Abstract

Tuberculosis (TB) continues to be the top killer disease in South Africa; there is little hope of a very efficient treatment in the near future. It is therefore becoming increasingly clear that the long-term solution to TB requires more than simply adding to the current arsenal of TB drugs. A treatment that provides quicker and long-lasting results is needed. Public health innovations such as genome editing present a promising therapeutic paradigm shift in terms of TB immunisation or treatment. The diversity of the Clustered Regularly Interspaced Short Palindromic Repeats (CRISPR)-Cas9 genome-editing technology holds promise in its ability to alter the genome and to control gene expression. While the promotion of CRISPR research is a crucial public health intervention, the realm of patent laws clashes with promoting public health needs, which may delay the speedy use of this technology for disease treatment.
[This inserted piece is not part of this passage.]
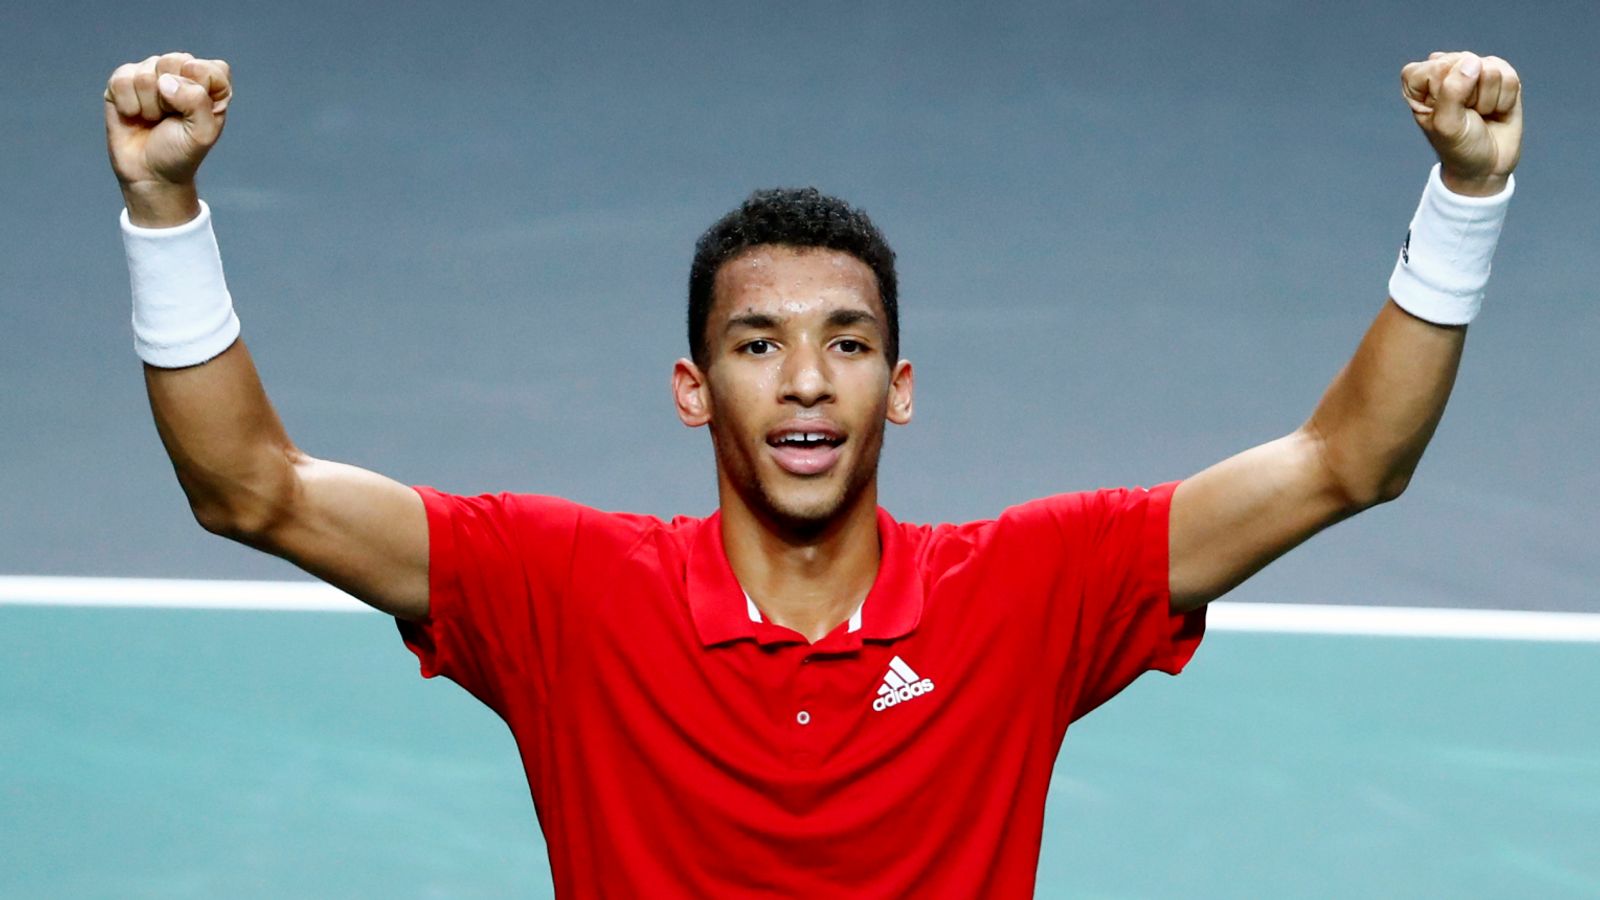 Davis Cup: Felix Auger-Aliassime hails 'dream come true' as Canada lift trophy for first time in their history

For that reason, in this article, I discuss the South African CRISPR patent landscape and its impact on the proposed applications of genome editing technology in public health. I explore the complexities raised by the CRISPR patent landscape and how that may lead to high prices for these CRISPR therapies – thereby limiting patients’ access. I conclude by proposing recommendations on how we can efficiently bridge the disconnect between the existing CRISPR patents and access to CRISPR therapeutics as a public health benefit.